Often, discussions around personal data management, ownership, control and access fail to consider dystopian possibilities. Therefore, we present 3 scenarios (stories) about how things go horribly wrong with 3 individuals:
1. My niece will be born within 5 years. According to the registries of the health system she will have a big probability of suffering from a heart attack before the ages of 40. Other institutions which have access to the DNA registries of her and her family discover that she will have a very creative mind. Segmenting this and analyzing other social aspects of her parents the home office discover a tendency to be a social activist, who must be investigated closely. The education system recommends a specific curriculum for her according to inherited attitudes, more focus on human studies than in science. Her parents prefer her studying Maths, but the authorities said that it would have an extra costs. So in the school and the University she met some people very close to her way of thinking, around a social change. This behavior was detected by the police though her social network and supported by the previous analysis made a lot of years ago by the home office. In some moment on time she detected that the police was following her and she became a bit aggressive in some public demonstrations against the government. One morning she suffered a heart attack when find out she was being followed by a stranger.
2. Jay is a youngman in the University somewhere in Europe. Due to recent legislation which gives him full access to, ownership and control over his data, plus the emerging discourses around how much personal data management is worth economically, Jay decides to offer all of his data for sale to the highest bidder. This included all his personal (social media) conversation via text and emails, as well as all his health, education. financial, geo data, retail, legal records etc.
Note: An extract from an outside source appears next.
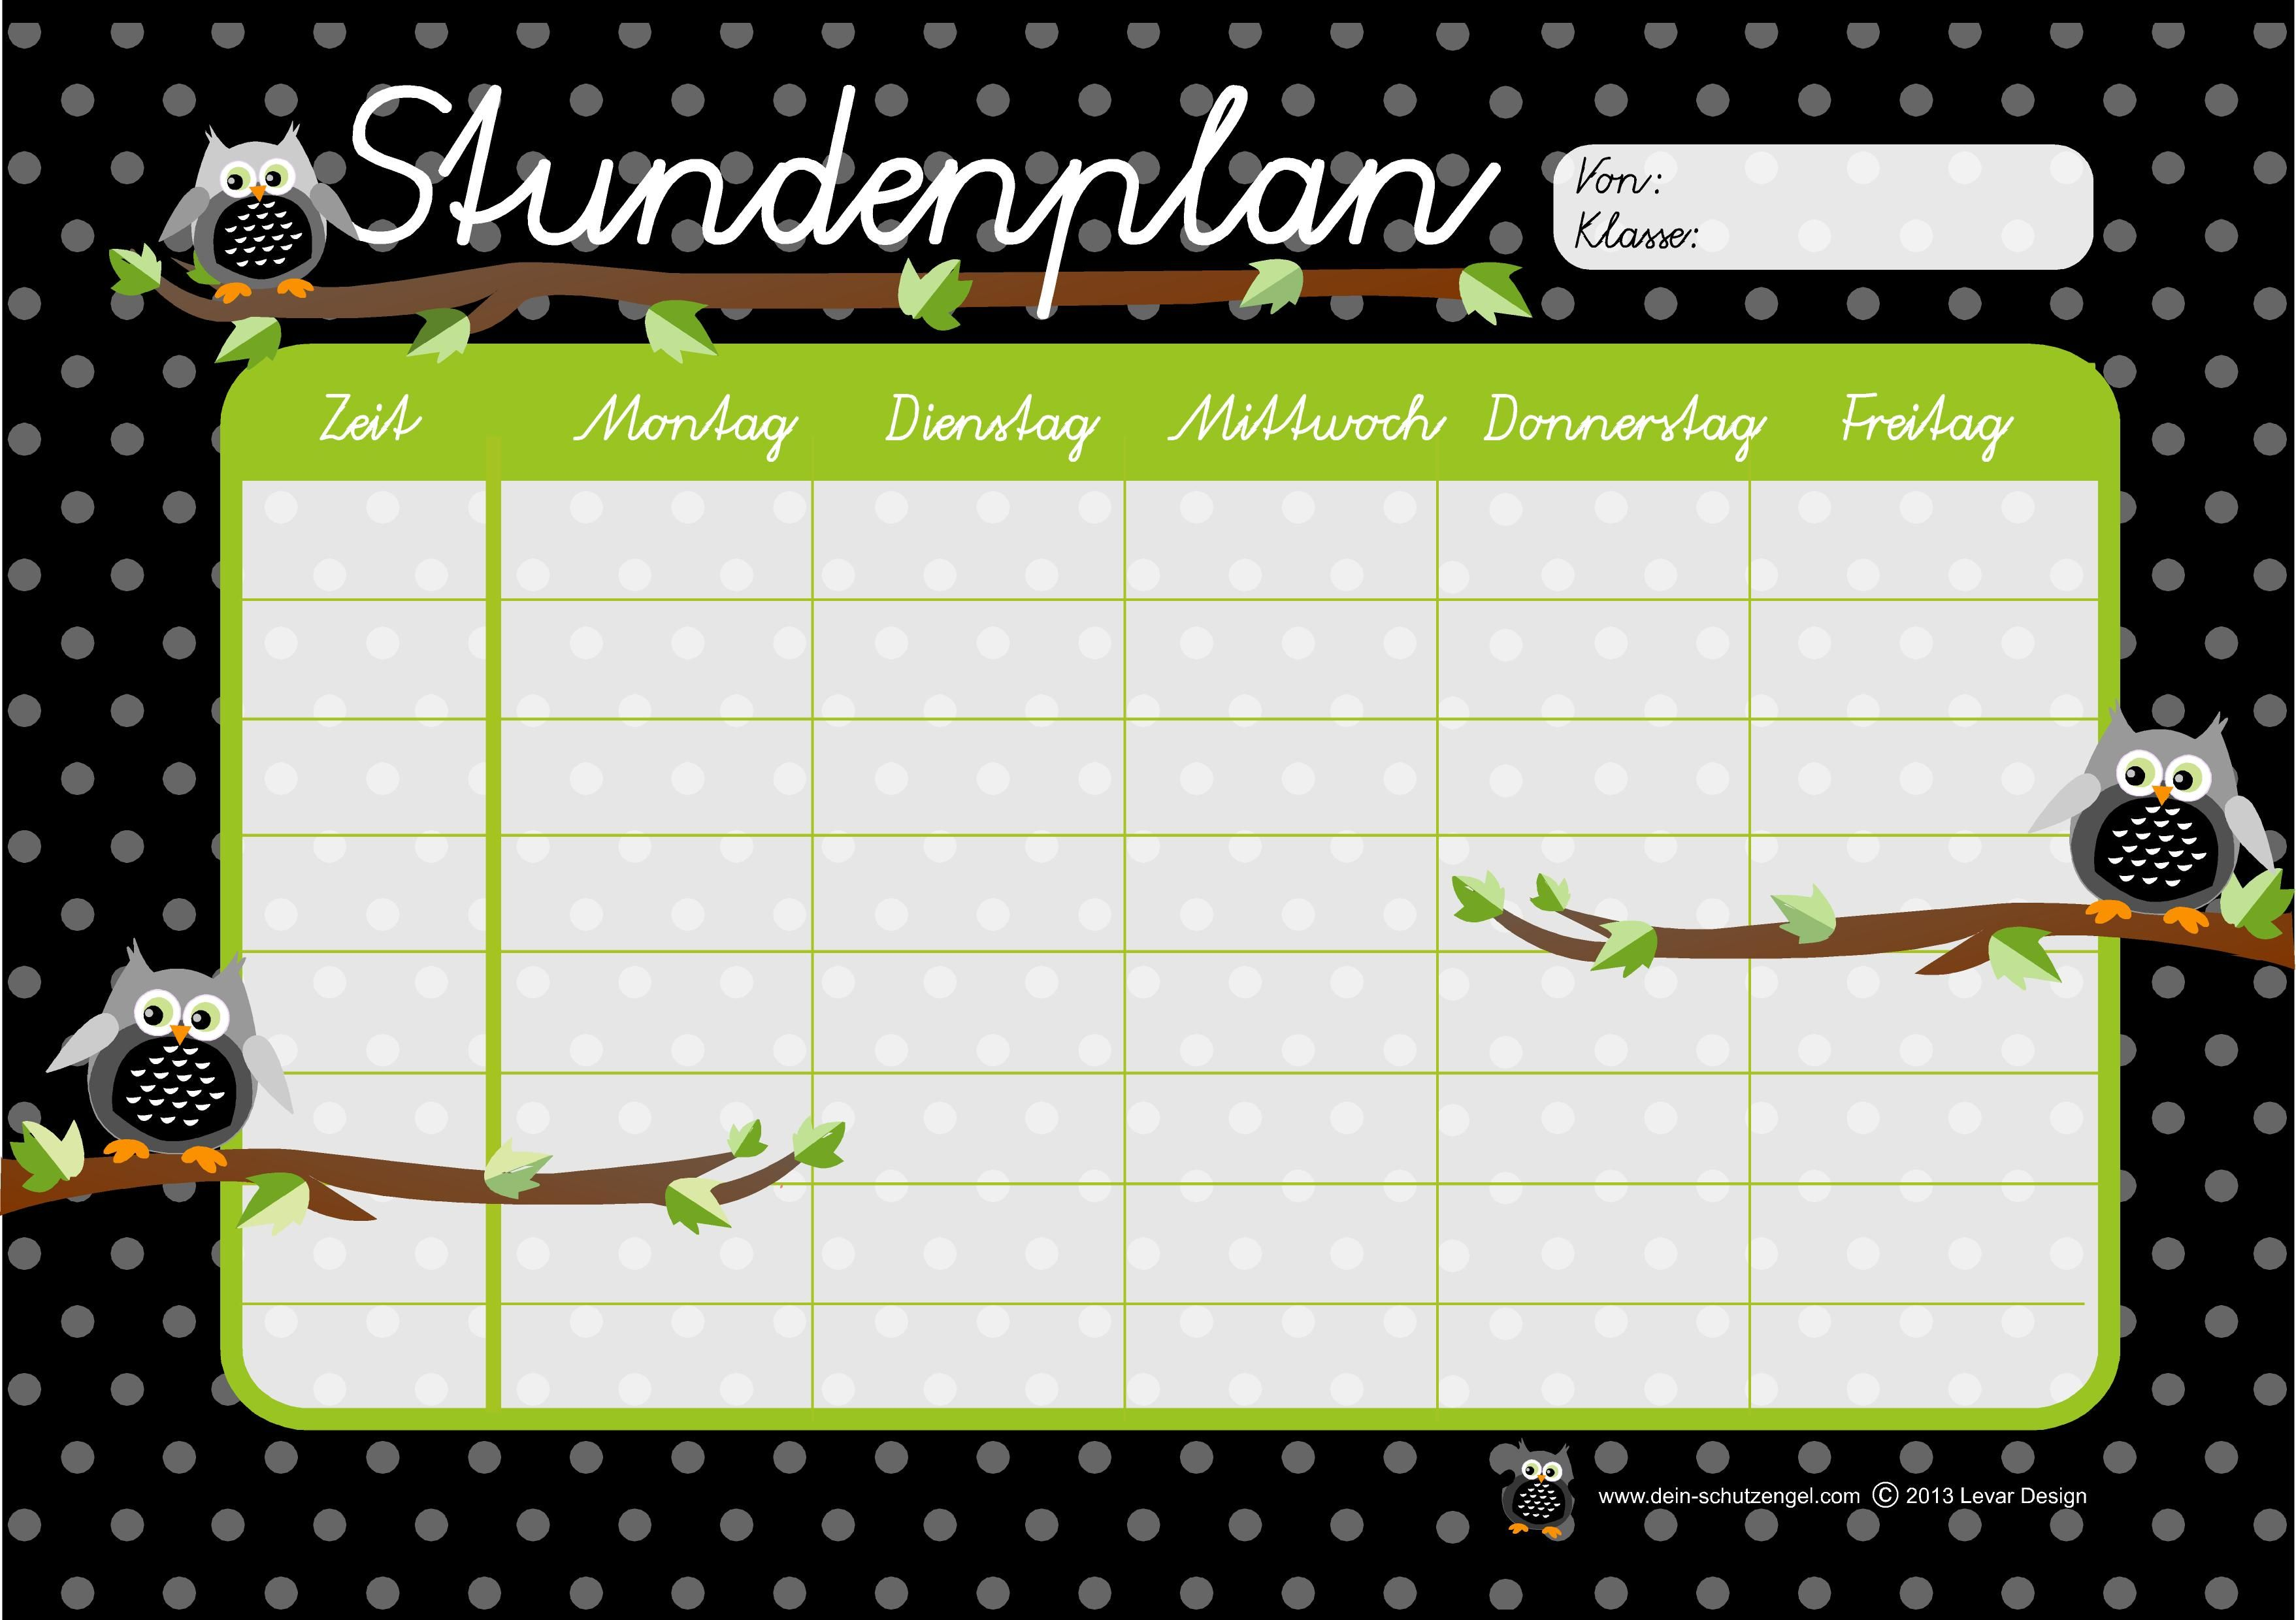 Stundenplan Motiv Eulen   School & Office   Pinterest   School ...

In addition to this, he signs up to offer his full records perpetually. He obtains a sizable amount of money and is quite pleased with this arrangement. Fast-forward to a few year and Jay is out of school and is just been considered for a new position in another country. Unfortunately for hism, the new organisation was able to access all his records for a small fee. In it, they were able to find out that Jay falsified some of his school records, had previously harbored a fugitive in his university hostel and had defaulted on his student loan payments. Additionally, he was unable to obtain any reasonable insurance due to the fact that he was perceived as a high risk. Needless to say, he did not get the job or any others.
3.Susan is very protective of her data. So concerned was she about privacy that she manages it all herself. She has total control over each and every single information collected about her and is responsible for storing and managing it, dispensing it only when necessary.
Over time, this becomes a huge burden and she had to increase the capacity of her storage devices in order to contain all the data. Additionally she had to take a Masters degree in Computer Science (Information Management) in order to effectively make sense of the ever-increasing data, spending quite a lot of money in the process. Fast-forward to a decade and Susan is diagnosed with a terminal disease. All her property (including the data storage)is passed on to her nephew who knows nothing about data management and was therefore unable to provide doctors with her medical history which would have enabled them to find treatment for her condition. Due to this, she died without a solution been found.